Sir Arthur Telford Donnelly  (6 June 1890 – 1 February 1954) was a New Zealand lawyer and sports administrator, and chairman of the Bank of New Zealand.

Life and career
Born in Christchurch, Donnelly was educated at Christchurch Boys' High School and Canterbury College. He qualified as a solicitor at 19 and as a barrister at 20, and joined his father's Christchurch law firm, Raymond, Stringer, Hamilton and Donnelly. He served as a sergeant with the New Zealand Expeditionary Force in France in World War I.

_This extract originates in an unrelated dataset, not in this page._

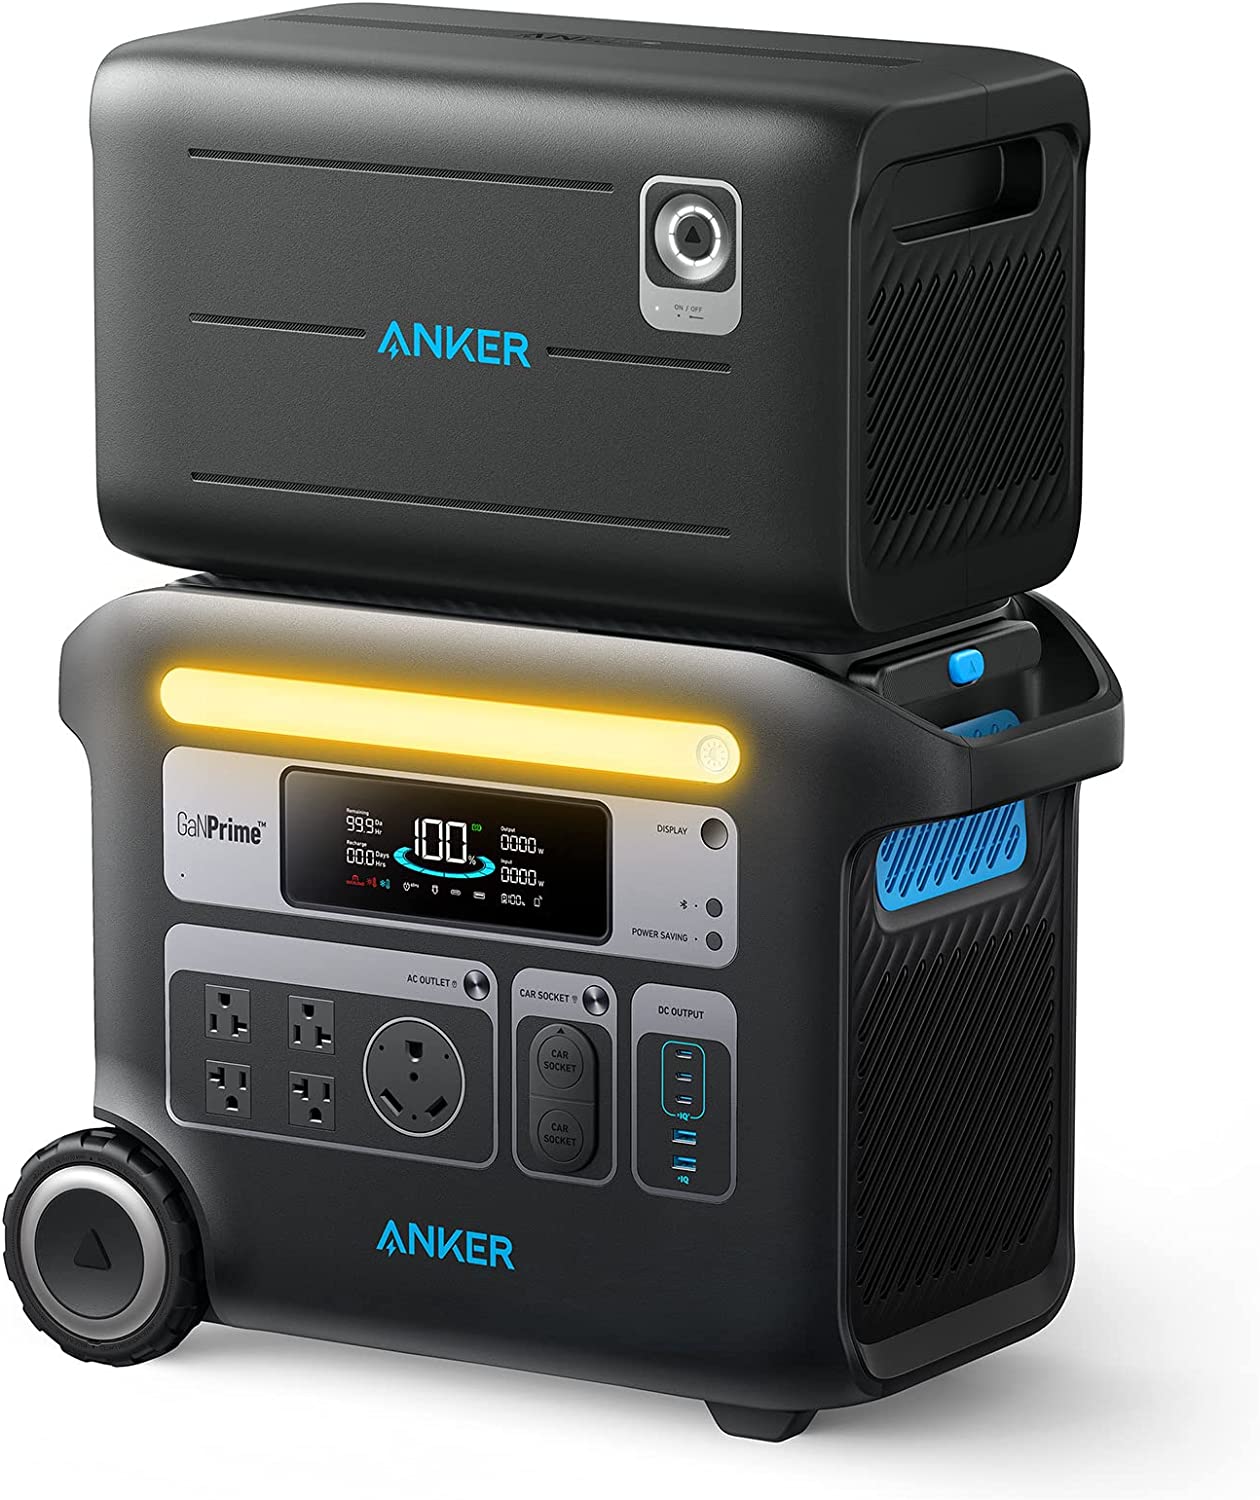 Anker 767 Power Station and 760 Expansion Battery (4096Wh LiFePO4 Battery with 4 AC Outlets Up to 2400W) $2600 + Free Shipping
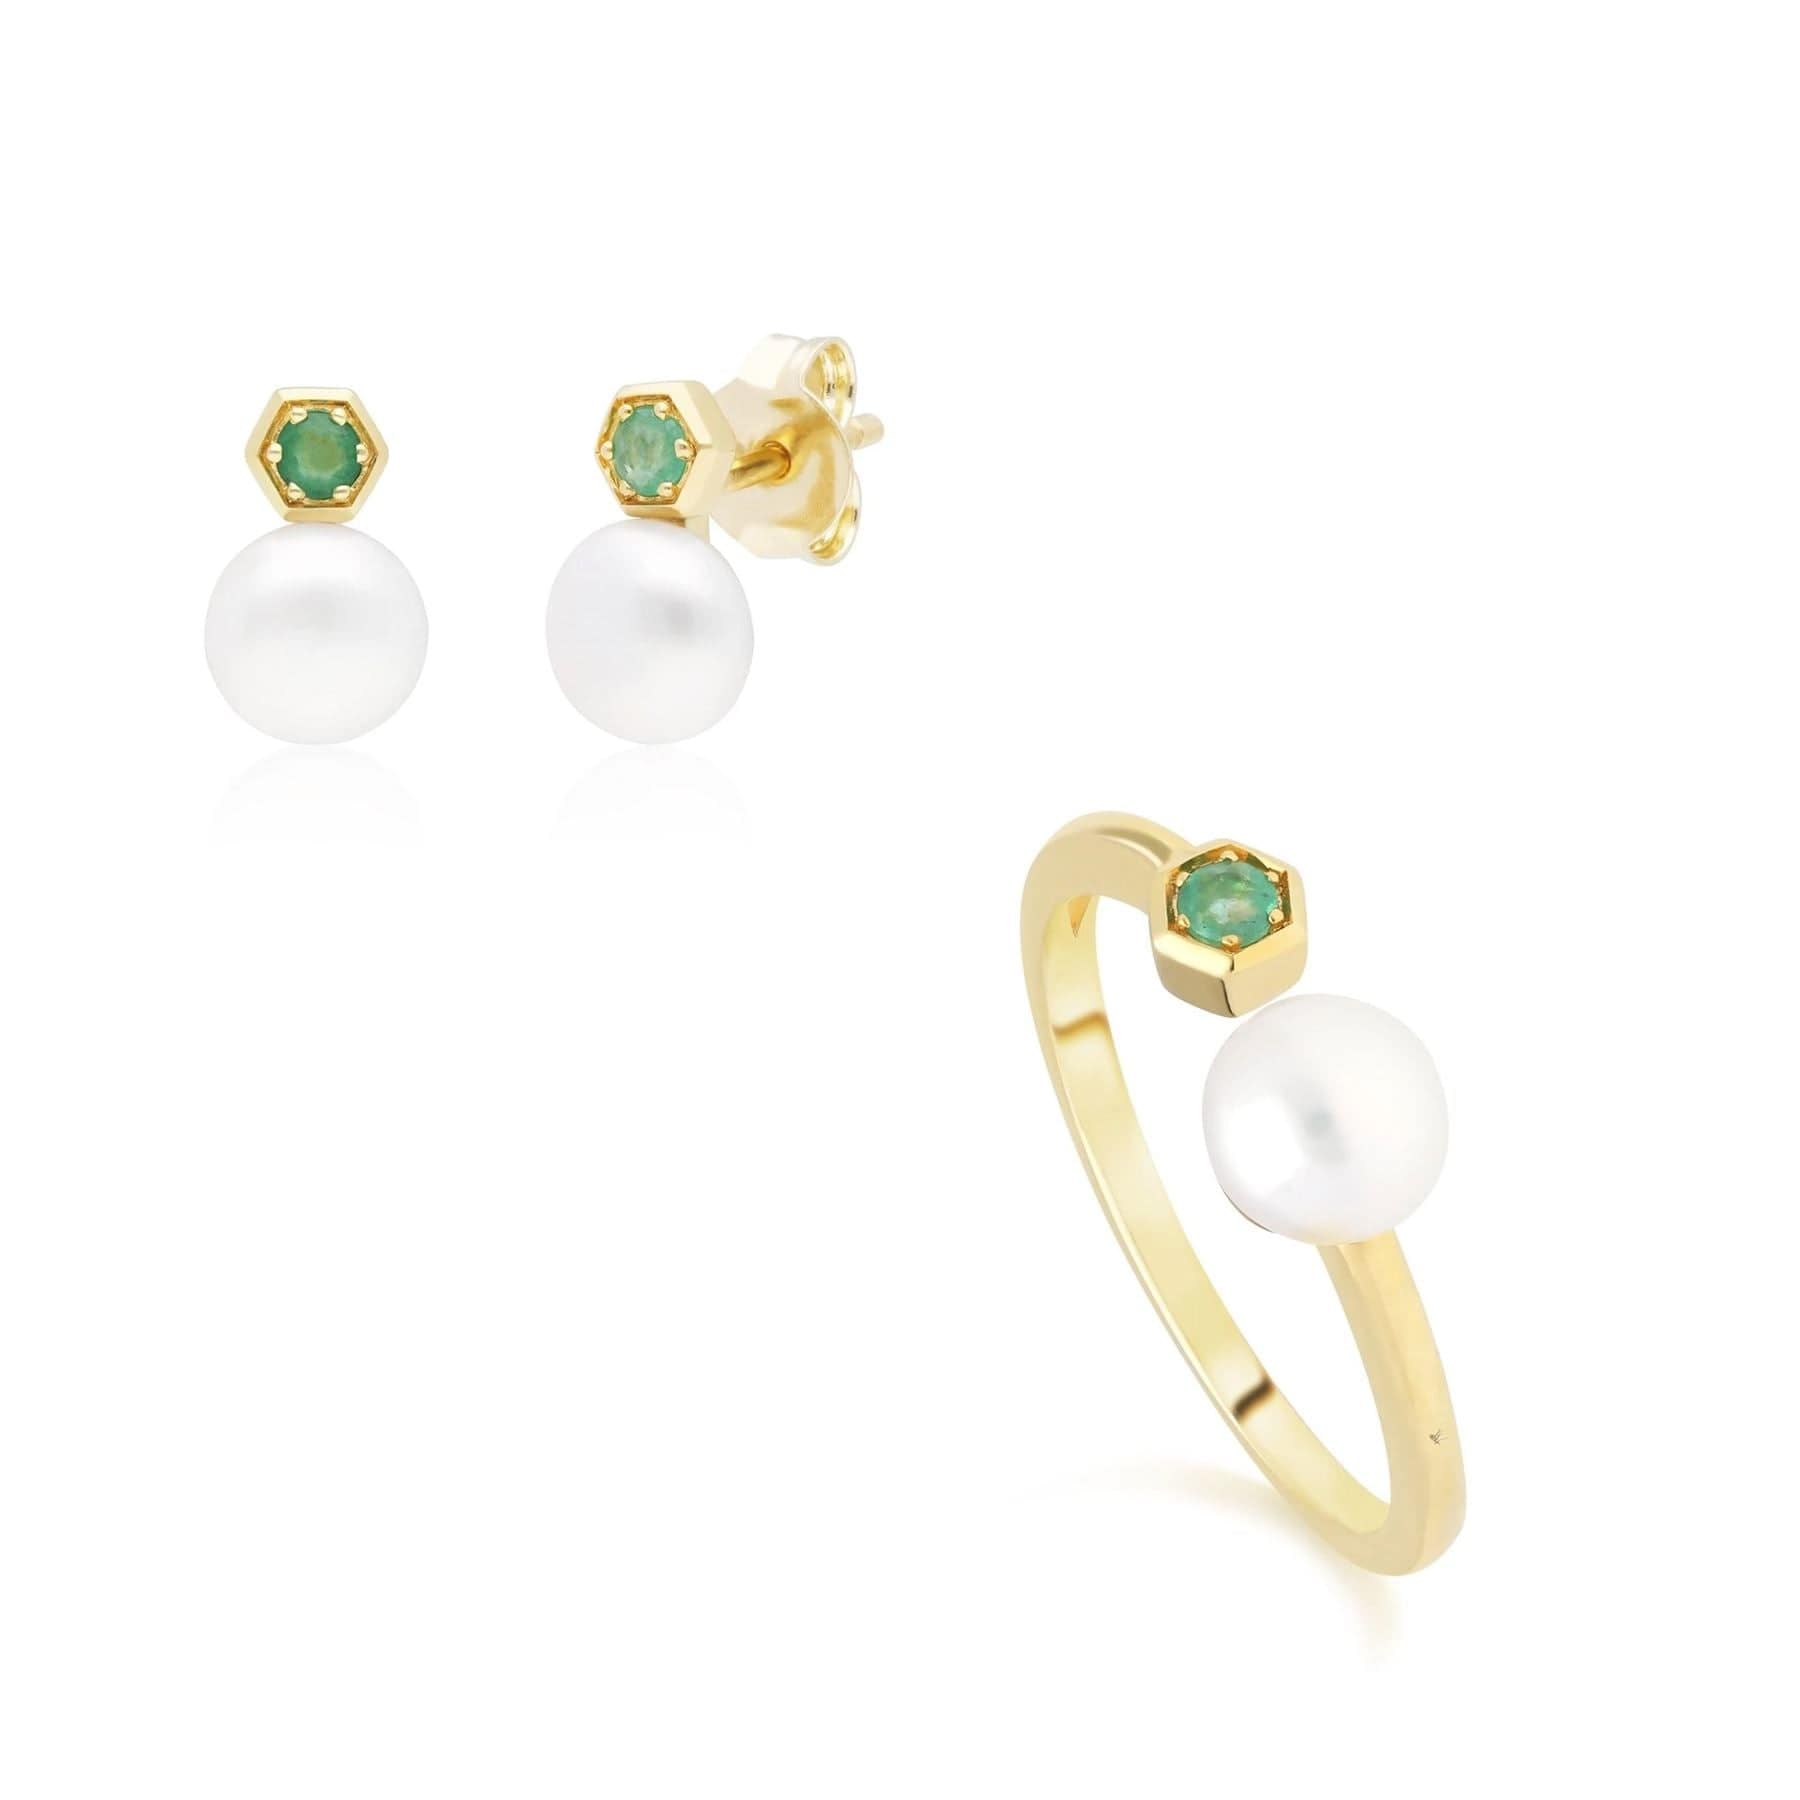 135E1633019-135R1840019 Modern Pearl & Emerald Earring & Ring Set in 9ct Gold 1

A club cricketer with the West Christchurch cricket club from 1908 to 1922, he was a life member of the New Zealand Cricket Council, of which he was chairman of committee for ten years from 1928 and President from 1946 to 1948. He managed the New Zealand cricket team in England in 1931, and played in one of the non-first-class matches at the end of the tour. He was a steward of the Canterbury Jockey Club.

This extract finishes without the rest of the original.